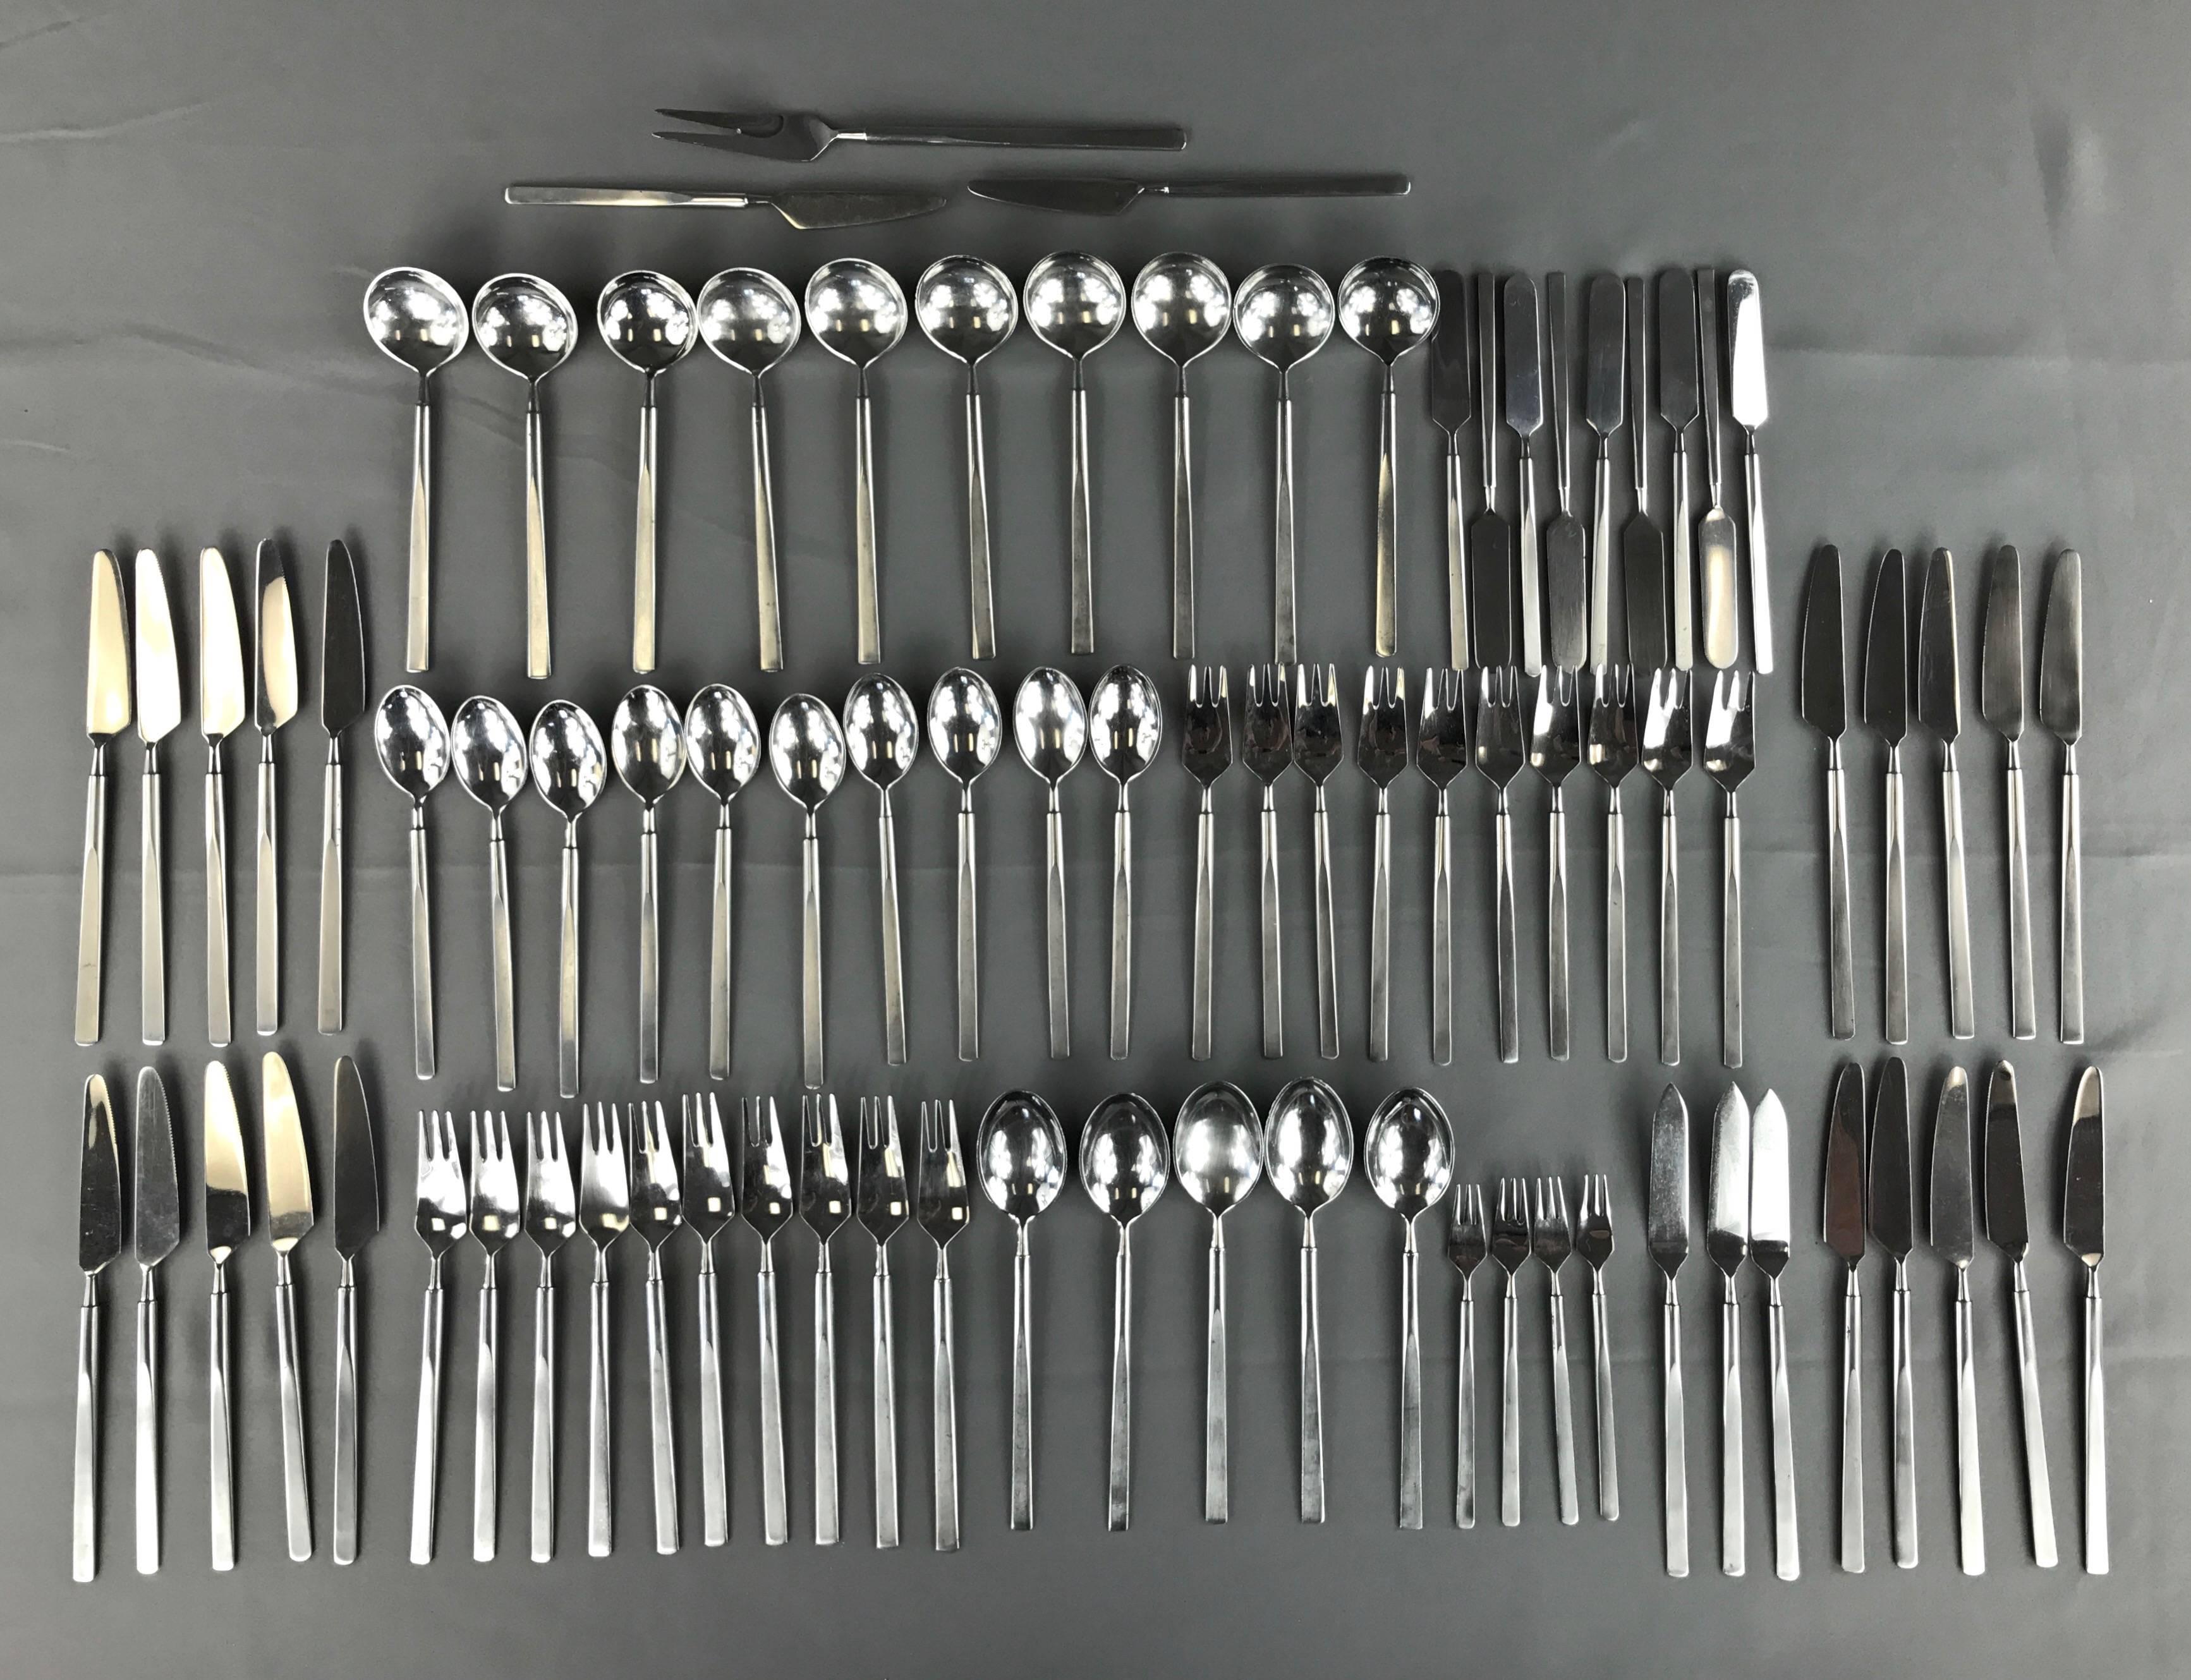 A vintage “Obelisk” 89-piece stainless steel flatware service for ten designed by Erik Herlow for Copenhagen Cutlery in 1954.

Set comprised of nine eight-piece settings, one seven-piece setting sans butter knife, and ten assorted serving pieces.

...

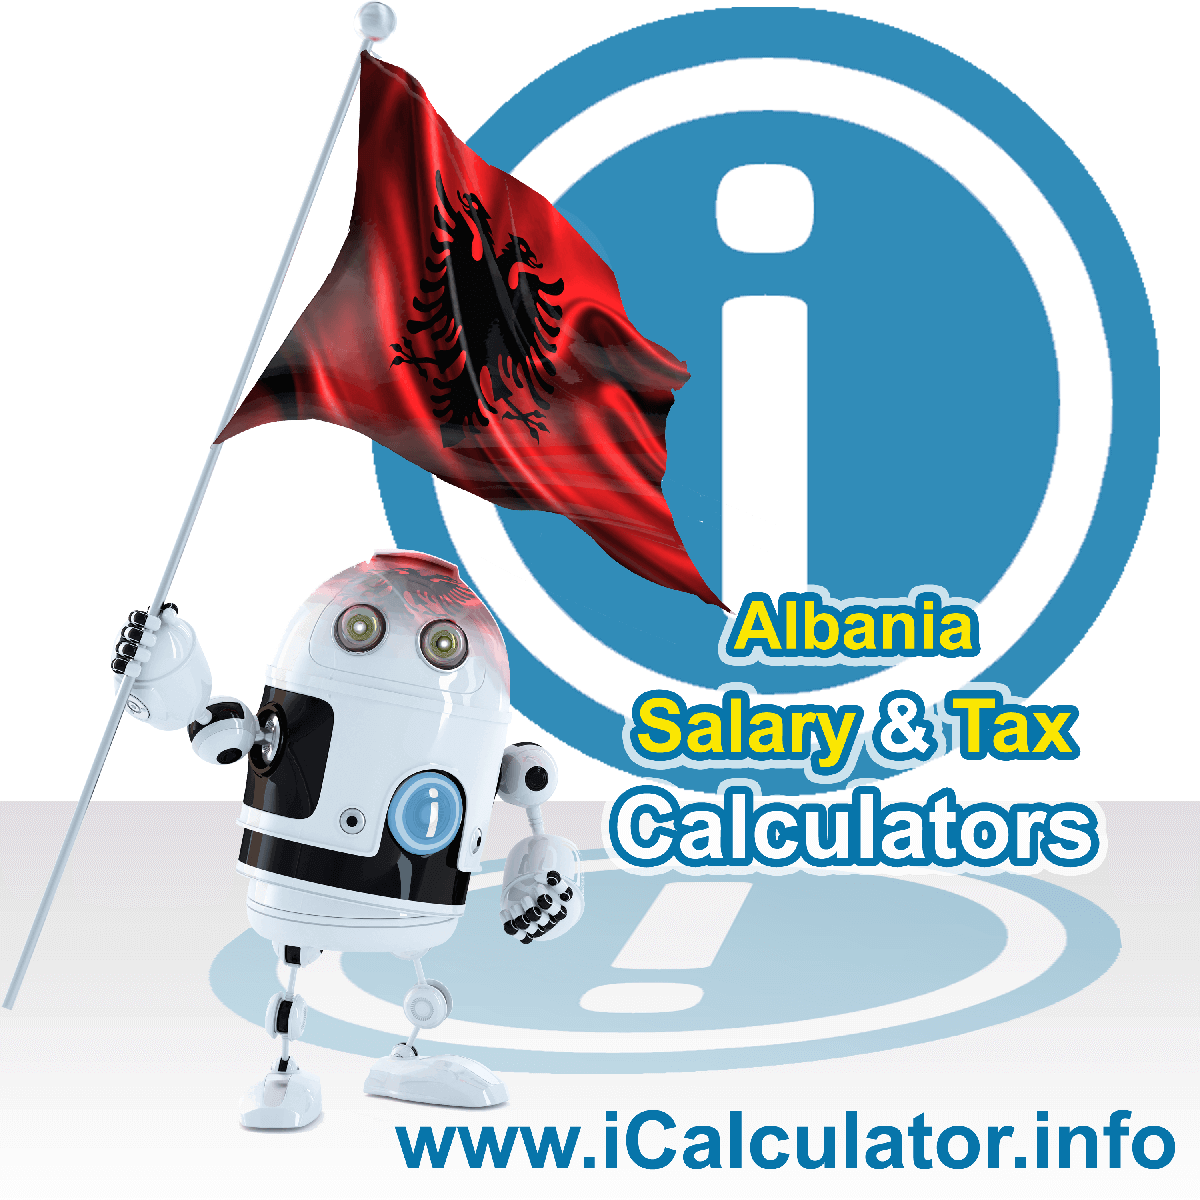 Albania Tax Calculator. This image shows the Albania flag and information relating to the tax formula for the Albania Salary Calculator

==

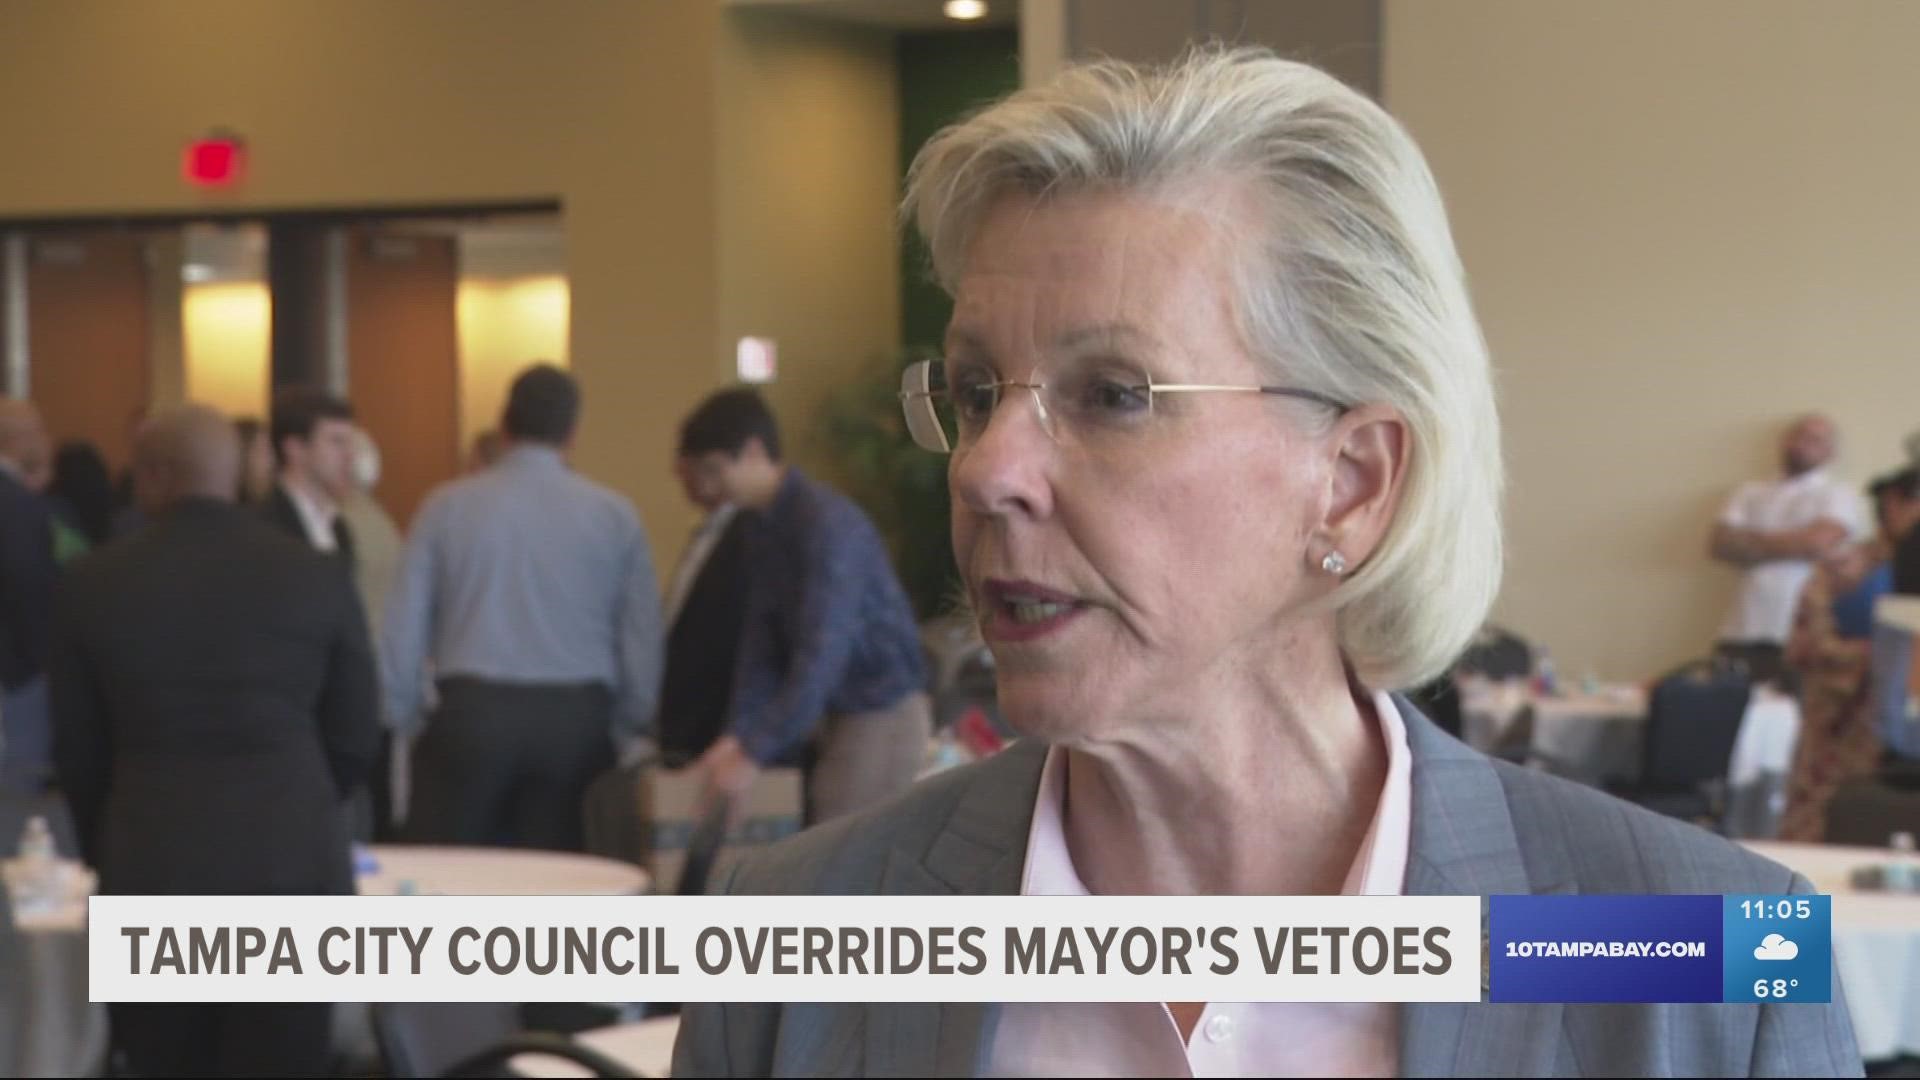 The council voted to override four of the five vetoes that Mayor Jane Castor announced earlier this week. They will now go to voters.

> _WHAT YOU NEED TO DO_
Exactly the lines above from the one that contains "Cutlery in 1954." down to the one that contains "Set comprised of" are to be output, both ends kept and pictures omitted.

> _TASK SOLUTION_
 A vintage “Obelisk” 89-piece stainless steel flatware service for ten designed by Erik Herlow for Copenhagen Cutlery in 1954.

Set comprised of nine eight-piece settings, one seven-piece setting sans butter knife, and ten assorted serving pieces.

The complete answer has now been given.